◆ Problem description ◆
A letter-for-letter copy of the listing is required, with no pictures in it.

◆ Provided material ◆
- - -
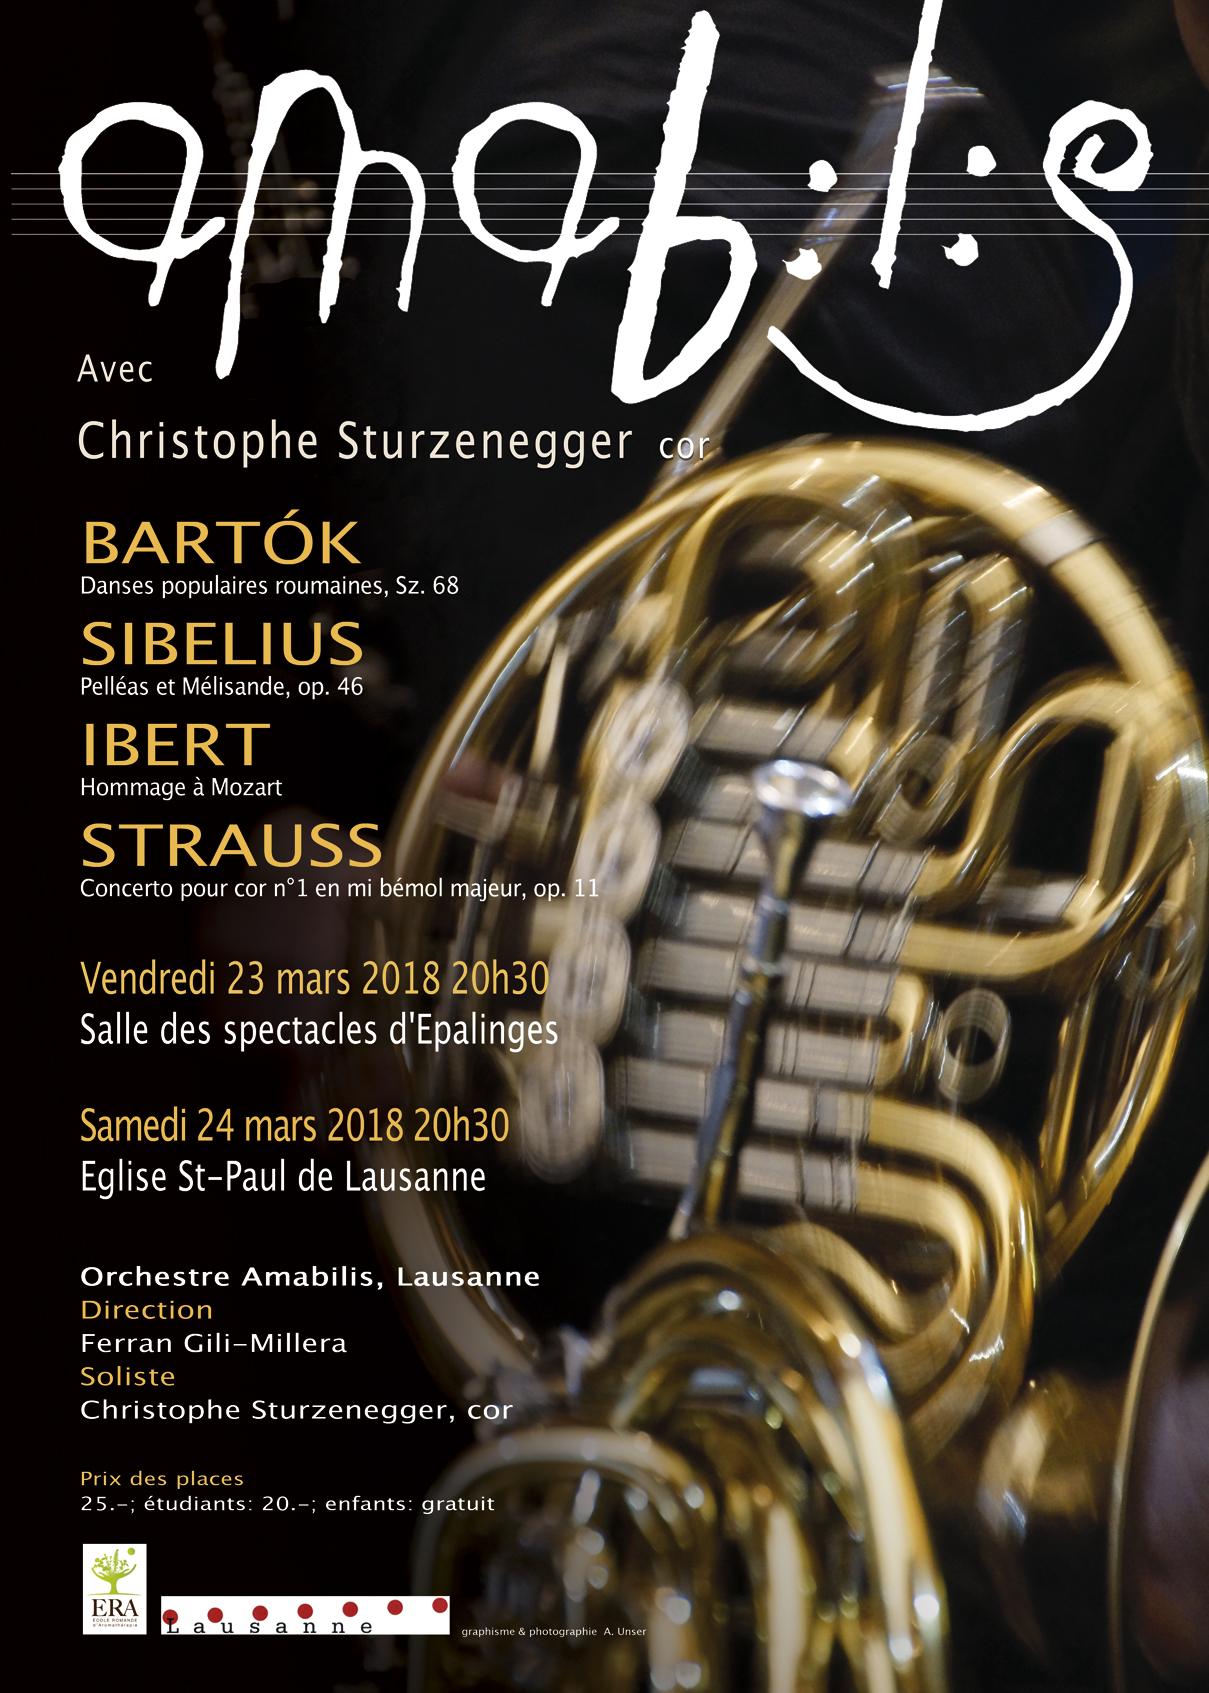 Amabilis joue Bartók, Sibelius, Ibert et Strauss
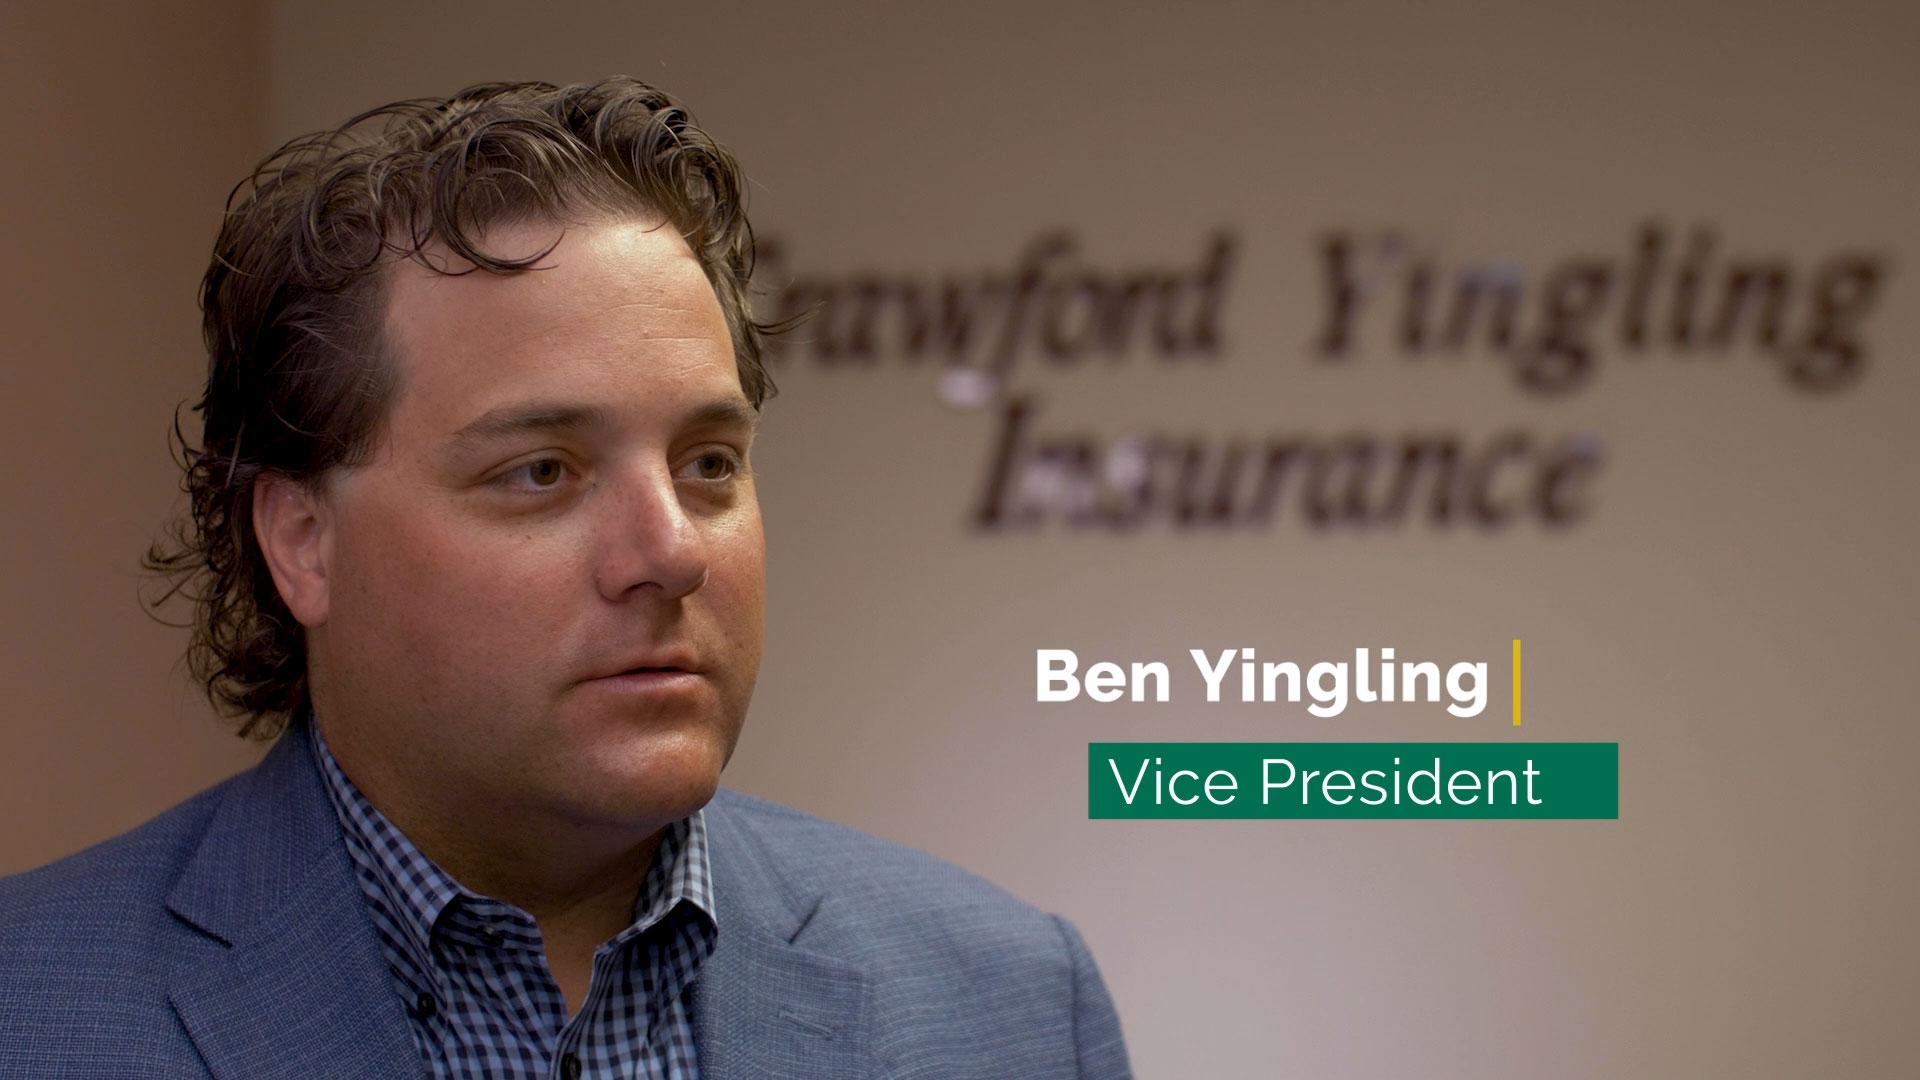 ben-yingling-vice-president-crawford-yingling-insurance
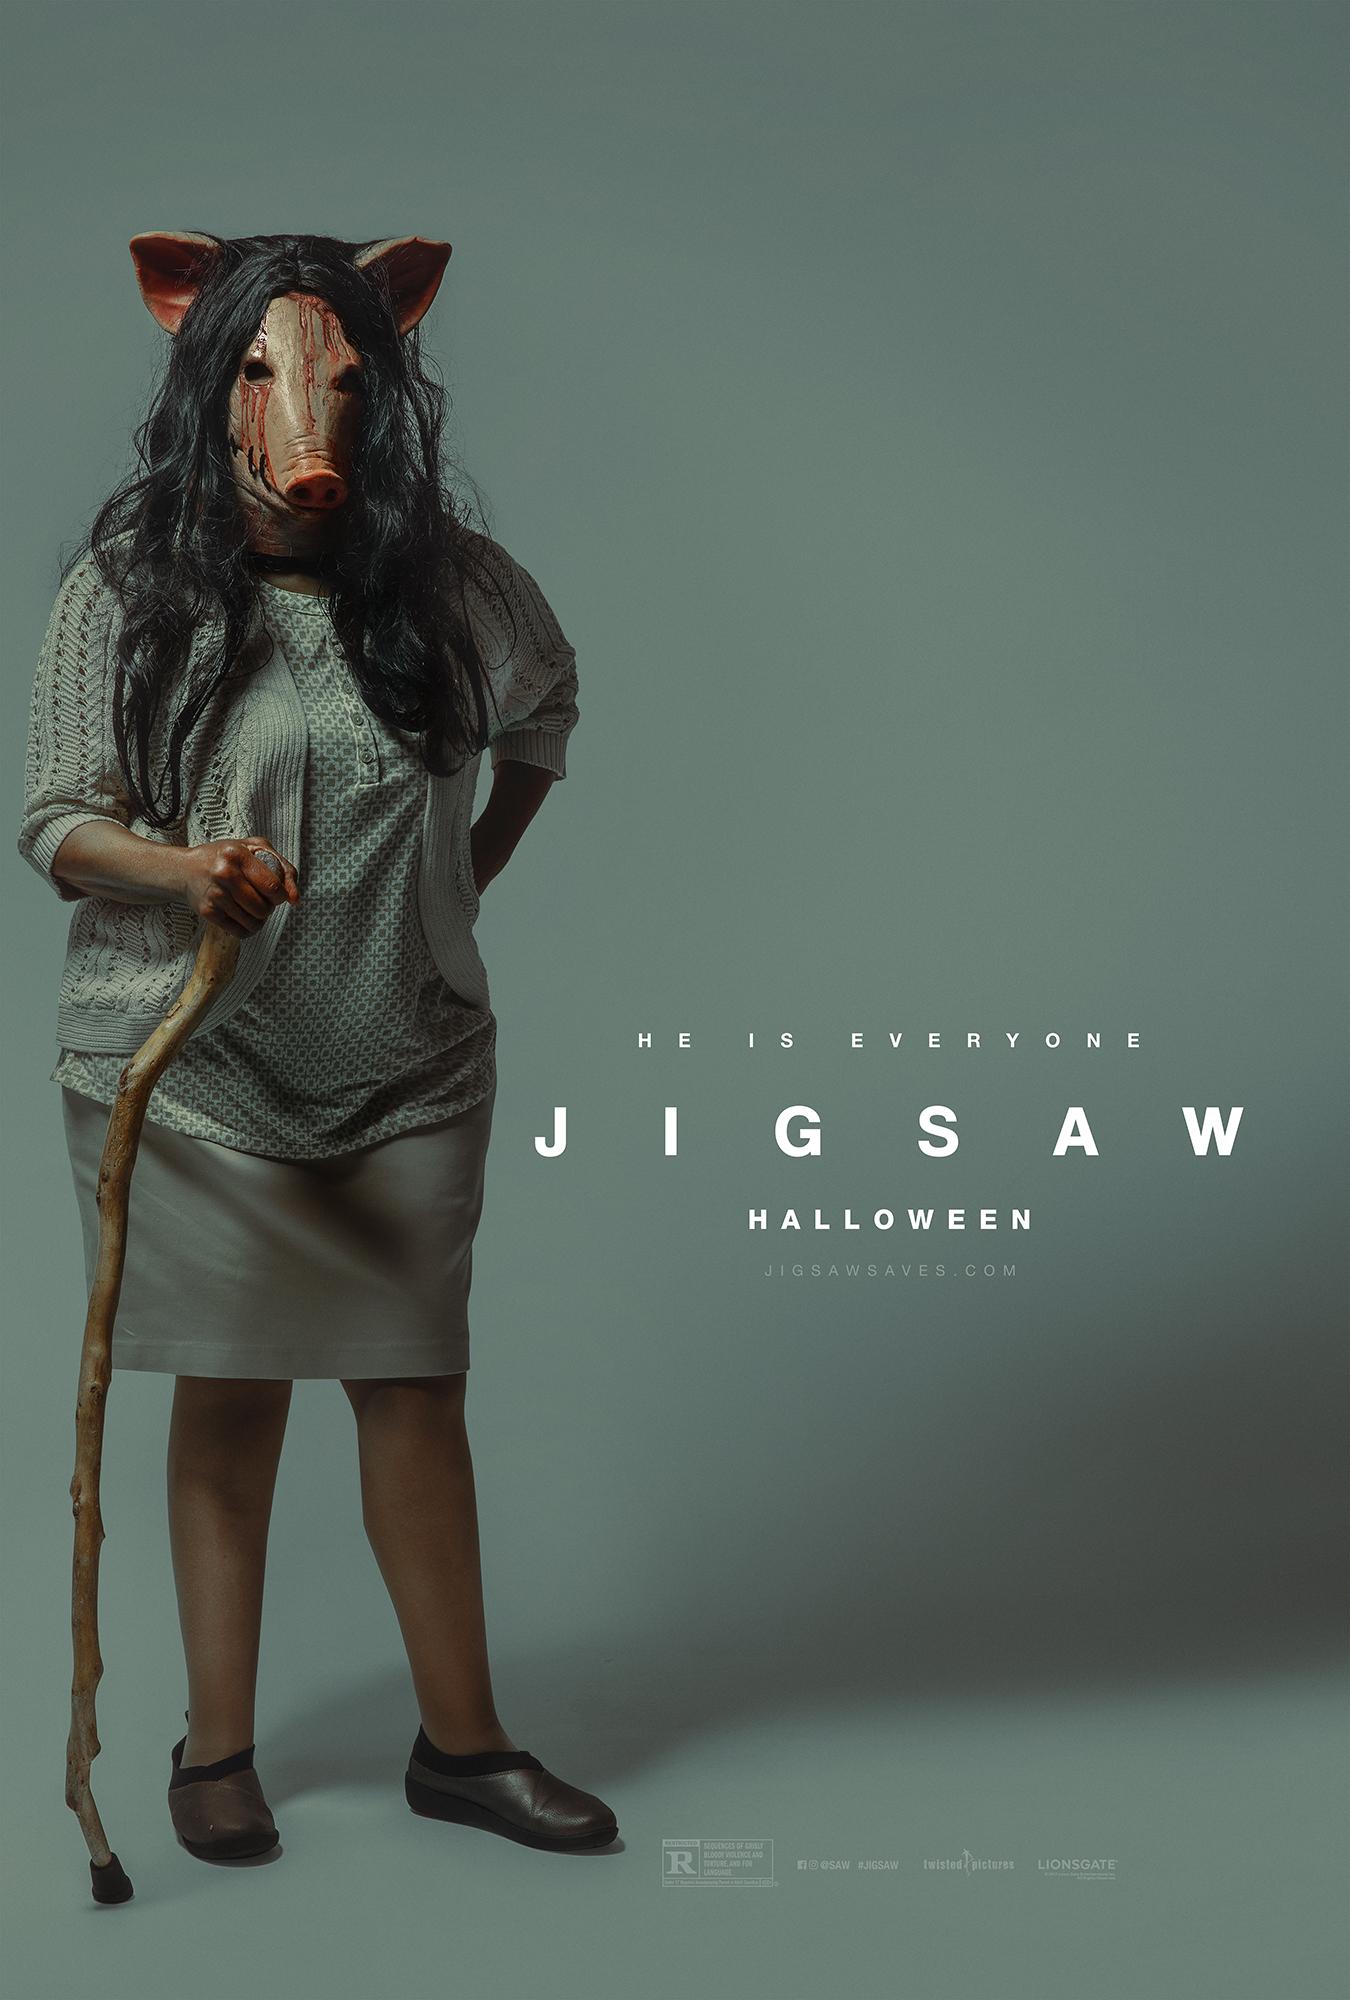 Jigsaw_1Sht_Online_Grandma_100dpi.jpg
- - -
◆ Output of the exercise ◆
 Amabilis joue Bartók, Sibelius, Ibert et Strauss
 ben-yingling-vice-president-crawford-yingling-insurance
 Jigsaw_1Sht_Online_Grandma_100dpi.jpg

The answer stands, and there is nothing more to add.